=== Dataset extract ===
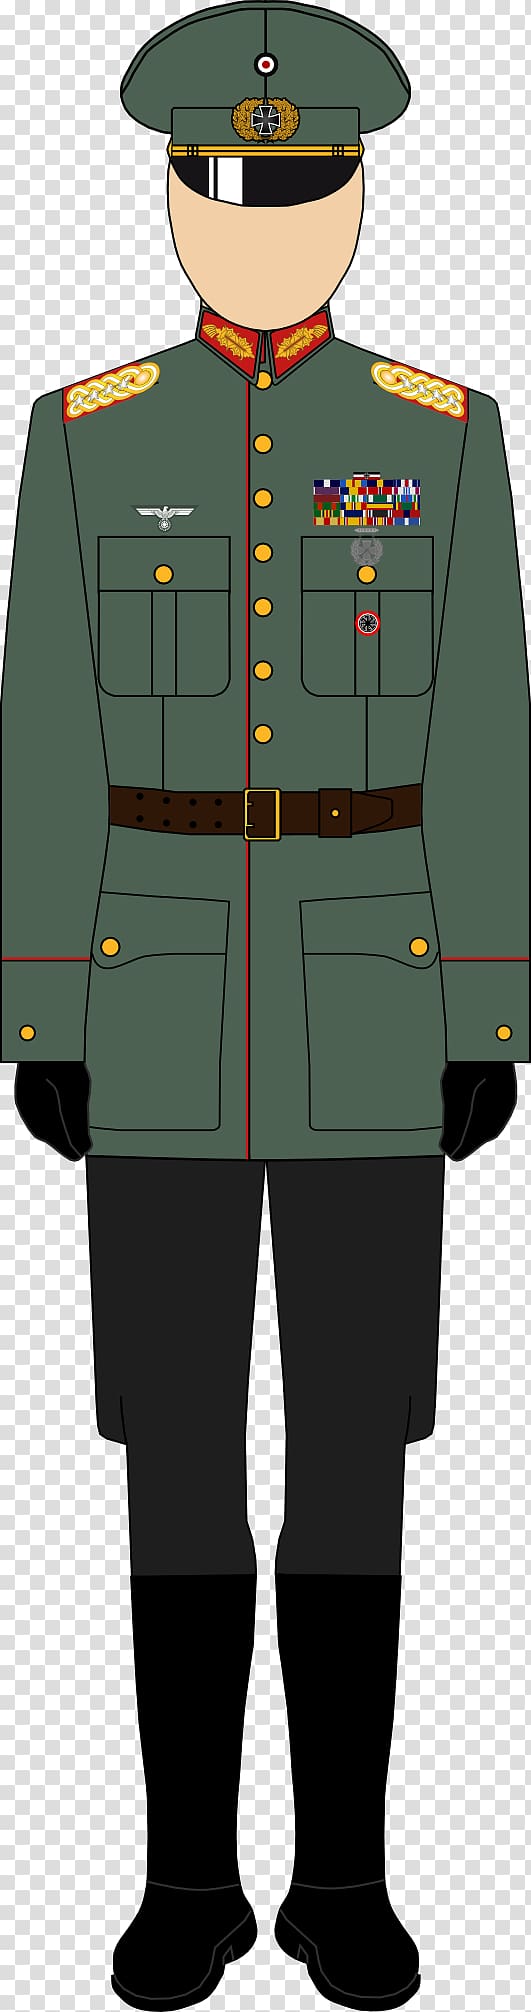 Military uniform Army officer Dress uniform General, uniform transparent background PNG clipart
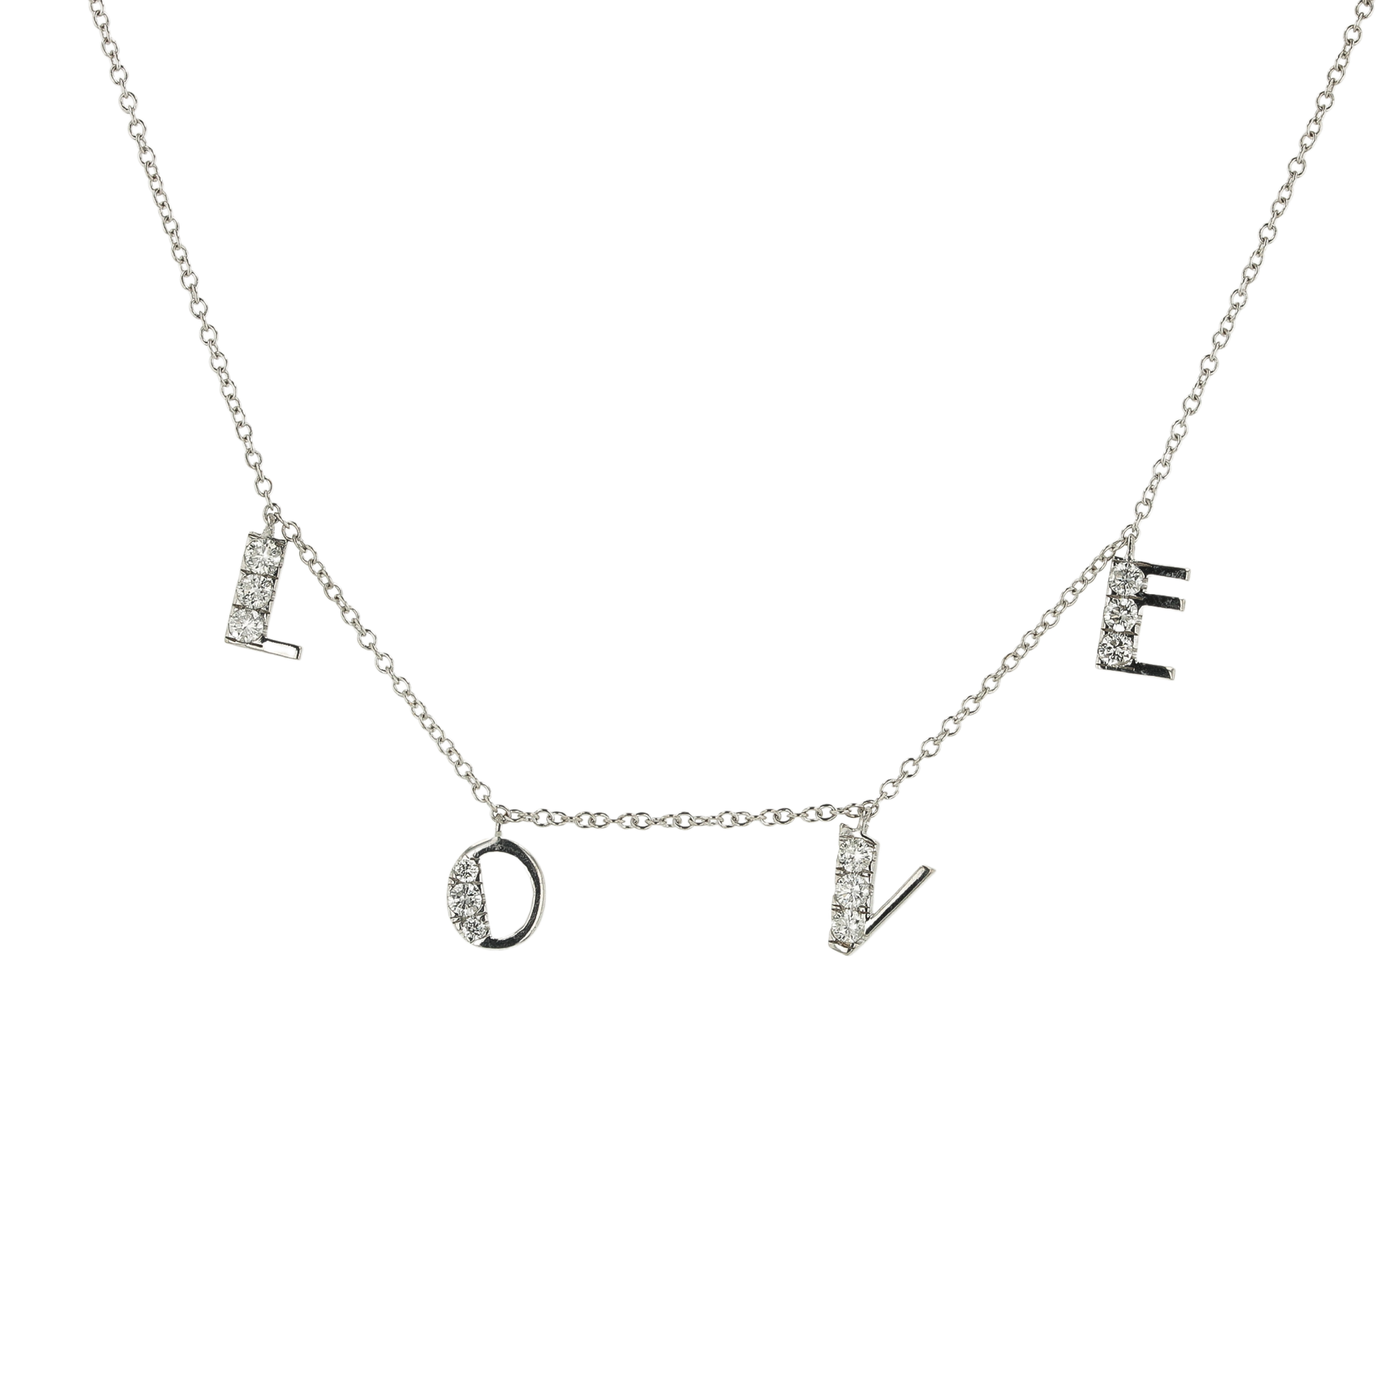 "L-O-V-E" 0.33 CTTW Diamond Necklace in 14K White Gold
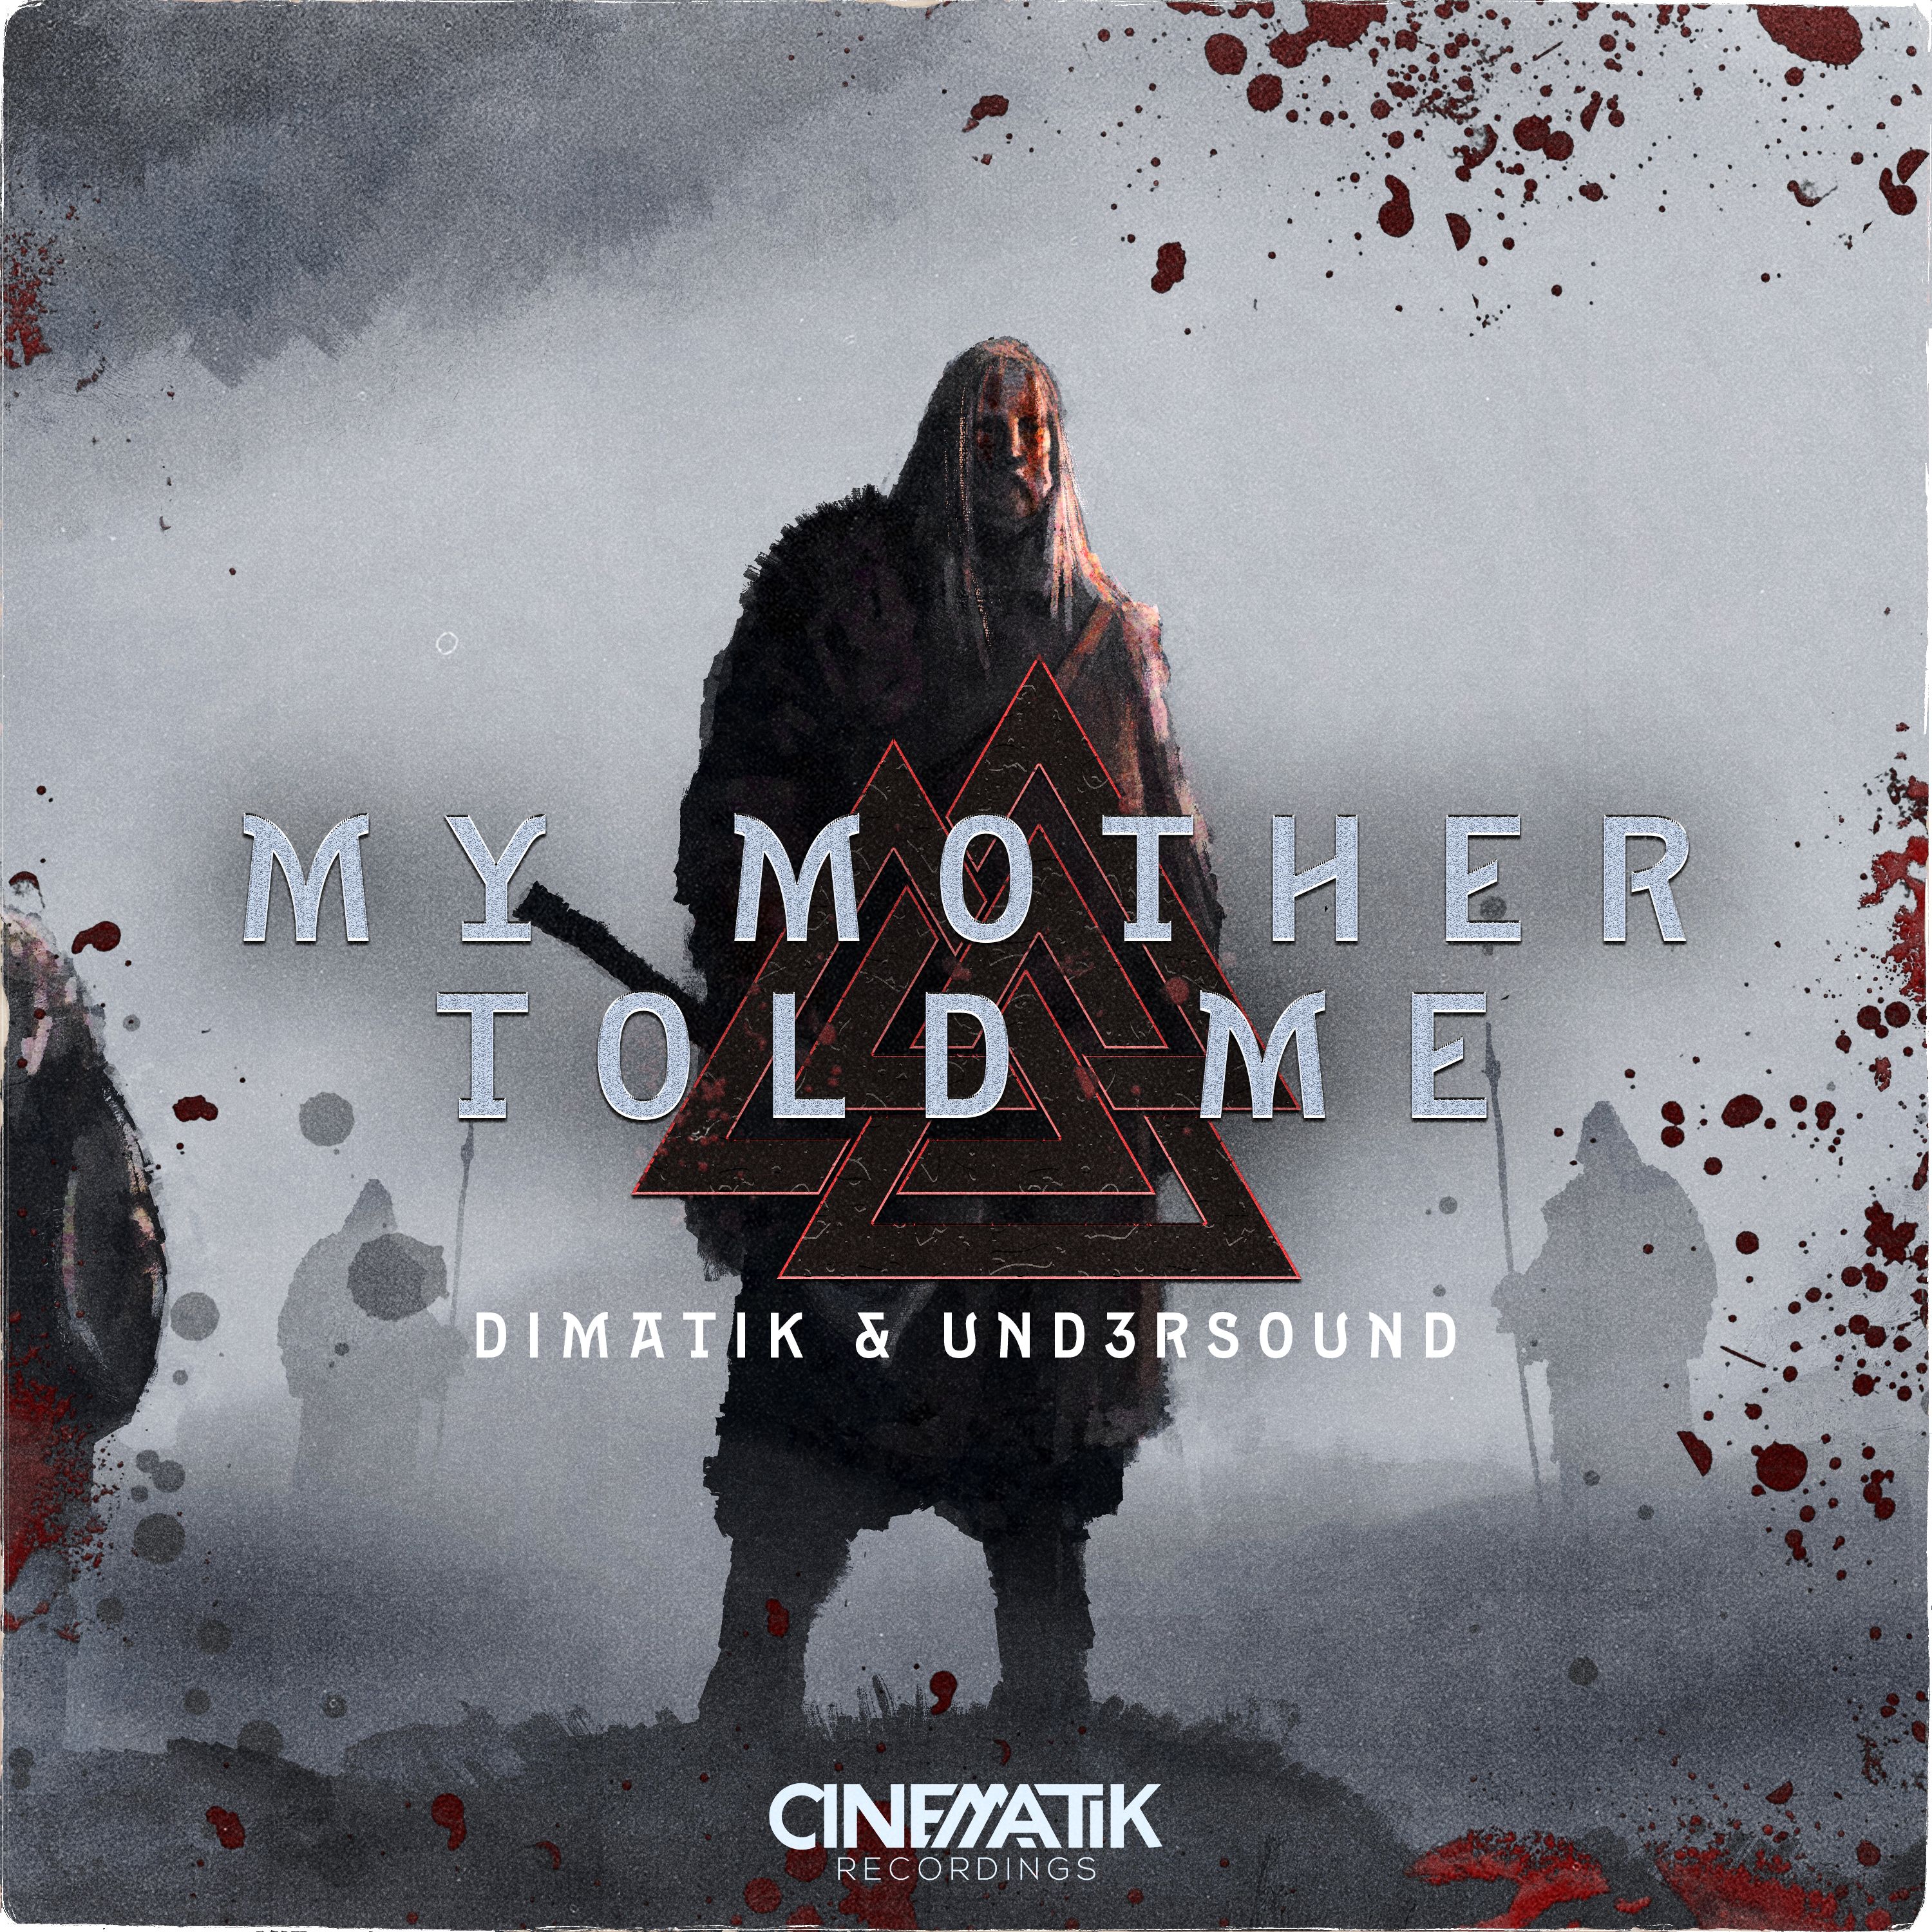 डाउनलोड करा Dimatik & Und3rsound - My Mother Told Me
===
▸ What this task involves
With pictures excluded, the material is to be written out exactly as given.

▸ Exercise result
 Military uniform Army officer Dress uniform General, uniform transparent background PNG clipart
 "L-O-V-E" 0.33 CTTW Diamond Necklace in 14K White Gold
 डाउनलोड करा Dimatik & Und3rsound - My Mother Told Me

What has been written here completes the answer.